The hippocampal formation is a group of brain regions, including the hippocampus and some other structures closely connected to it. This set of brain regions is known to support various important brain functions, including the consolidation of memories, experience-based reasoning, decision-making and spatial navigation (i.e., the ability to map and navigate specific environments), according to Medical Xpress.

Most past neuroscience studies have focused on how the hippocampus supports episodic memory (i.e., the memory of personal experiences or life events) and spatial navigation. Yet recent findings suggest that this brain region also contributes to what is known as compositional memory, which entails 'breaking down' memories into fundamental building blocks and reassembling these blocks to form new memories or predict future outcomes.

Researchers at University of Oxford, University College London and other institutes recently carried out a study aimed at shedding further light on how the hippocampus supports this breaking down and re-purposing of memories, using a combination of computer simulations and brain activity recordings. Their findings, published in Nature Neuroscience, suggest that the hippocampus helps to shape future behavior via two connected processes, known as memory composition and hippocampal replay.

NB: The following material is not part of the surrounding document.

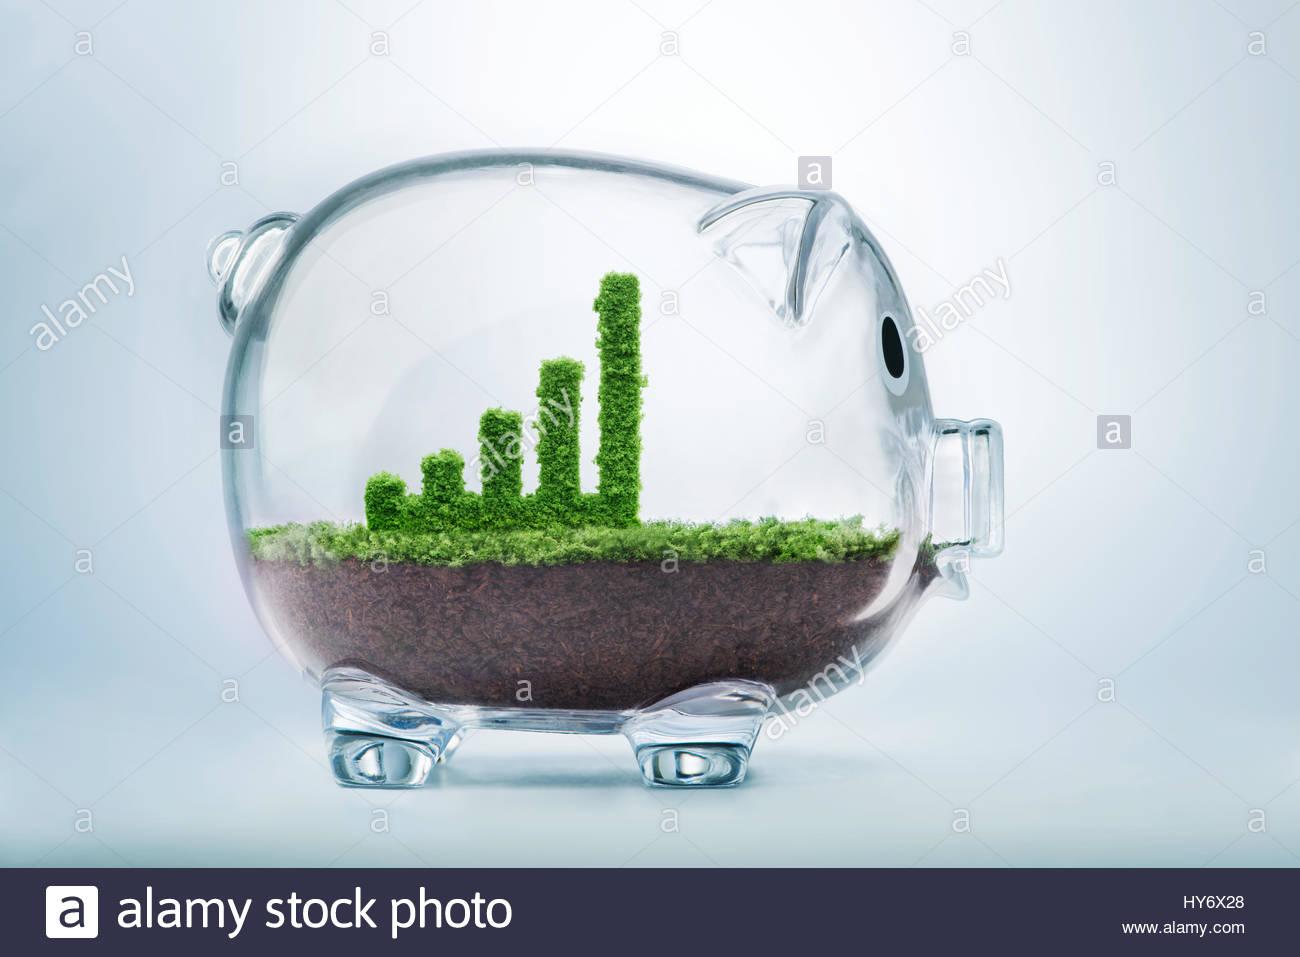 Concepto de crecimiento empresarial con césped que crece en forma de gráfico de barras en el interior Imagen De Stock

"The hippocampus is critical for memory, imagination and constructive reasoning," wrote Jacob J. W. Bakermans, Joseph Warren and their colleagues in their paper. "Recent models have suggested that its neuronal responses can be well explained by state spaces that model the transitions between experiences. We use simulations and hippocampal recordings to reconcile these views."

Previous studies found that the consolidation of memories could be supported by a process known as hippocampal replay. In other words, they suggested that neurons in the hippocampus 'replay' memories of past experiences, especially during sleep or while resting, to facilitate learning and help us remember things for longer periods of time.

As part of their recent work, Bakermans, Warren and their colleagues explored the possibility that hippocampal state spaces (i.e., mathematical models of how experiences are represented in the hippocampus) are compositional in nature. The brain could thus selectively use and re-arrange specific parts of our memories of experiences, known as primitives, to imagine or predict possible scenarios.

"We show that if state spaces are constructed compositionally from existing building blocks, or primitives, hippocampal responses can be interpreted as compositional memories, binding these primitives together," wrote the researchers. "Critically, this enables agents to behave optimally in new environments with no new learning, inferring behavior directly from the composition."

In their paper, the researchers also suggest that the replay of memories by neurons in the hippocampus contributes to the consolidation of compositional memories. Instead of being a passive memory process, as suggested by some previous works, hippocampal replay could actively support the formation of flexible memories that can be later broken apart and used to inform future behavior.

"We predict a role for hippocampal replay in building and consolidating these compositional memories," wrote the researchers. "We test these predictions in two datasets by showing that replay events from newly discovered landmarks induce and strengthen new remote firing fields. When the landmark is moved, replay builds a new firing field at the same vector to the new location. Together, these findings provide a framework for reasoning about compositional memories and demonstrate that such memories are formed in hippocampal replay."

This recent study by Bakermans, Warren and their colleagues offers a new perspective on how the hippocampus allows humans to use their past experiences to make predictions or imagine new scenarios. In the future, it could inspire more research aimed at testing the idea proposed by the researchers, potentially helping to paint a clearer picture of the hippocampus that coherently unifies its different functions.